We’ve looked at a mono-red list that requires heavy recursion and card draw. Mono-white Legendary tribal. A green list that needs to be more than 50% Forests. A black list that really just should not work at all, hand disruption that can only hit one card at a time, and a tokens list that really doesn’t do a lot with the tokens it creates.
I love this series.
Today, I want to look at a general that is really not that bad:
Sisters of Stone Death is, in a vacuum, really quite solid. They force combat decisions, they exile creatures, and then recur those creatures for you. The card itself is a little mana-hungry – a casting cost of 4BBGG is pretty steep, and every ability on the card costs mana as well – but you’re in green, and that does a lot to minimize the costs involved.
For some reason, though, the Sisters don’t get played that often. I’ve only personally seen one deck – and it was my own. EDHRec.com only has 42 decks in their database for this general, which is pretty low overall. Compare that to Geist of Saint Traft at 127, or Avacyn, Angel of Hope at 154.
So why are the Sisters passed over so much? The first thing that comes to mind is the fact that the options in BG are so much better. Take a look. Just a quick skim through that return sees cards like Glissa, the Traitor, Skullbriar, the Walking Grave, and Meren of Clan Nel Toth – all objectively better options. (Indeed, Meren is kind of the golden boy at a lot of tables lately, with everybody and their dog building the exact same deck with it in the command zone.)
Nonetheless, lets look at the Sisters and see what makes them a bad choice. First off, we have the mana requirement. Eight is a lot – even in green – and you really need to have 2BBGG available every combat to make her work. The second problem is the requirement that the exile target has to be blocking or blocked by Sisters of Stone Death; people will not attack into her, so you need to be swinging. The third problem is really a matter of rules – if you exile something with Sisters and they subsequently die, you can’t bring that creature back when you recast Sisters. The second time she is on the battlefield, she is technically a different card, and when a card references itself it is VERY specific.
There is another niche problem as well; if you exile a card that is only temporarily a creature, you can’t get it back. A Forest animated by Liege of the Tangle, for example, is a Forest in exile, not a creature. This is unlikely to ever matter, but I mention it to be thorough.
Now, let’s see what we can do with the Sisters.
First off, we need to solve the mana problem. Easy enough – we’re in green. Land ramp is cheap and easy, and you should be able to reliably hit eight mana by turn five in most games without even really trying.
Because we’re going to be wanting to spend a lot of mana during combat, we’re not really going to be packing a lot of spells; we really want permanents. These are things that will continually affect the board in our favour; Soul of the Harvest is a prime example of this.
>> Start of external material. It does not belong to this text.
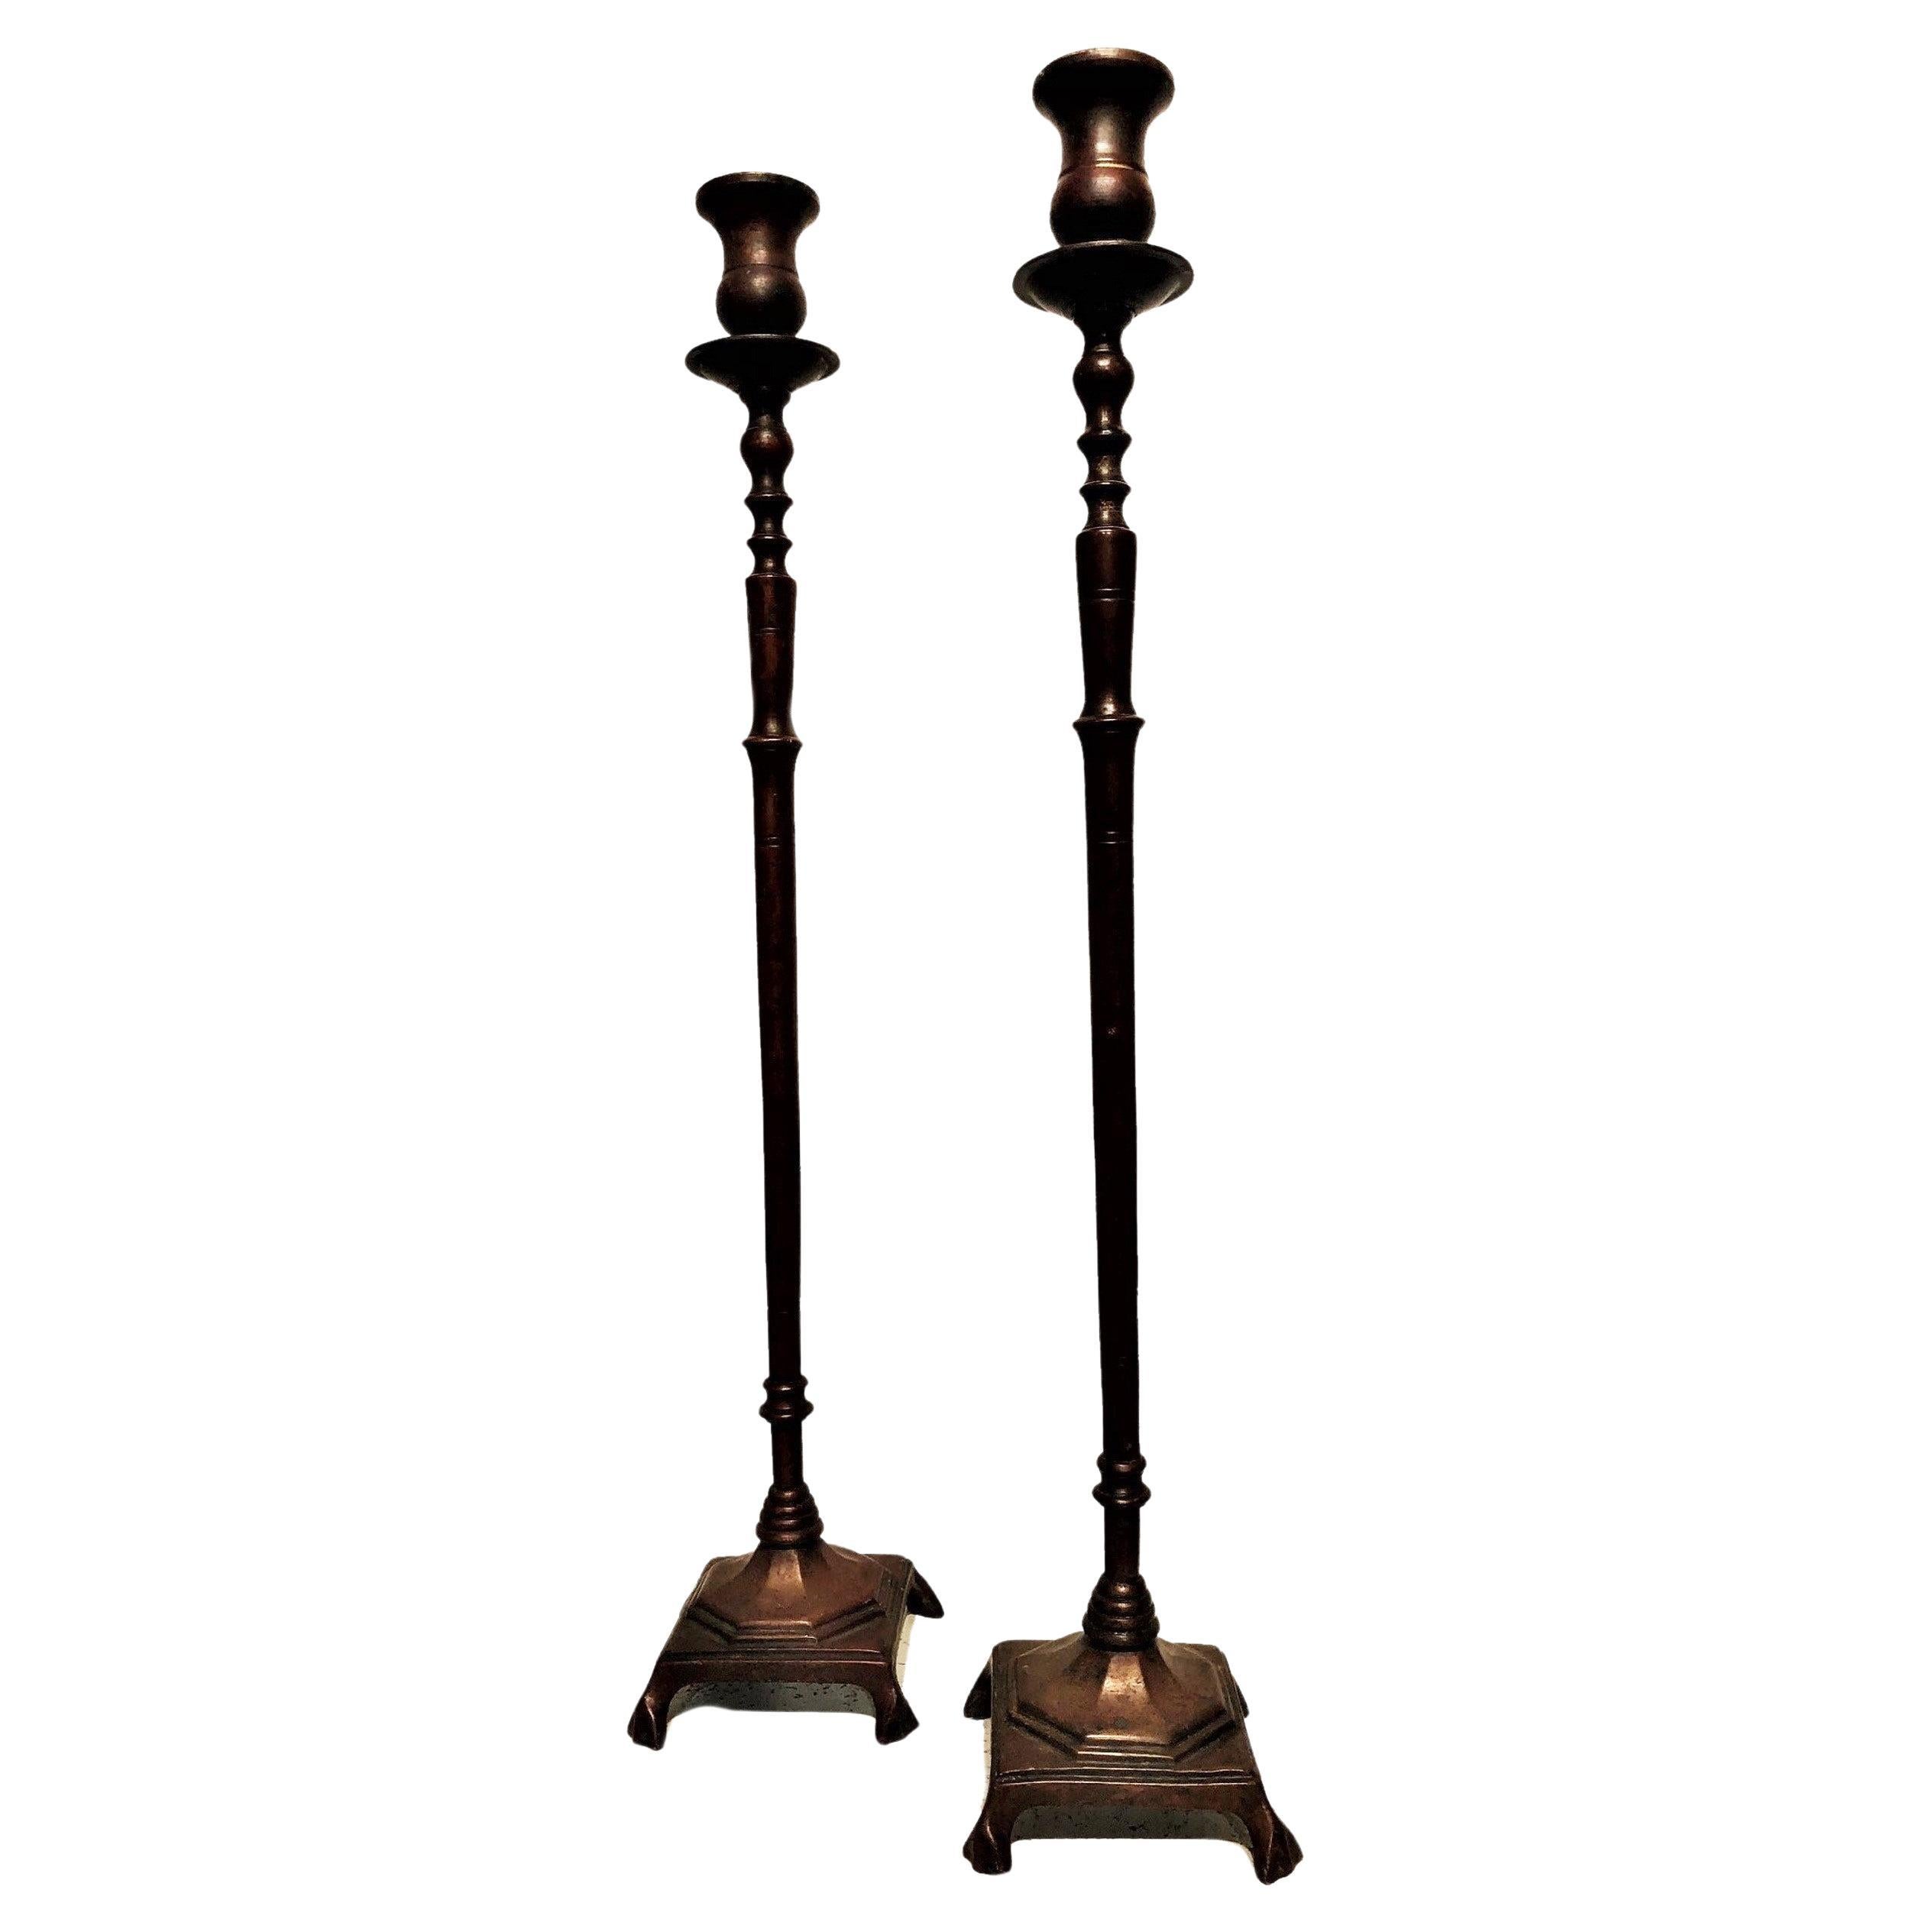 Aesthetic Movement Pair of Bronze Candlesticks in Manner of Tiffany, ca. 1880s For Sale

All of those creatures you are bringing back from exile will now net you cards. Infiltration Lens will do the same, and is a neat little card that nobody plays. Nemesis Mask reduces some of the cost of forcing blocks, though I would recommend caution. Planeswalkers like Garruk, Apex Predator and Liliana of the Veil (if you have the budget for that) also do good work here; you’re unlikely to exile every creature your opponents control, so you need ways to handle the rest.
You also want to throw up some rattlesnake cards like Vampire Nighthawk and Wurmcoil Engine – you want people to really be hesitant to attack you. The reason for this is two-fold. For one, you’re swinging with your general as often as you can. At 7/5, that is a huge body that will not be blocking for you. If you surround it with things that are almost guaranteed to be a straight trade with your opponents, they will often swing elsewhere. And if they don’t, even better! When your opponents choose not to attack, you can use the first ability on the Sisters to have your pick of targets.
With all of the deathtouch creatures you’ll be floating, Deathreap Ritual – one of my favourite cards from the Conspiracy set – is pretty fantastic. I recommend this card for any deck running these colours anyway, but when you’re killing things left, right, and center, it’s a mitt-full of free cards for very little investment.
In the end, the real gas in this deck comes from your opponents. The creatures they play will often end up working for you. Your best bet is to build your deck so that you’re the least-palatable target. Build yourself a fortress, and strike from behind your defenses. Every enemy that falls is another stone for your walls.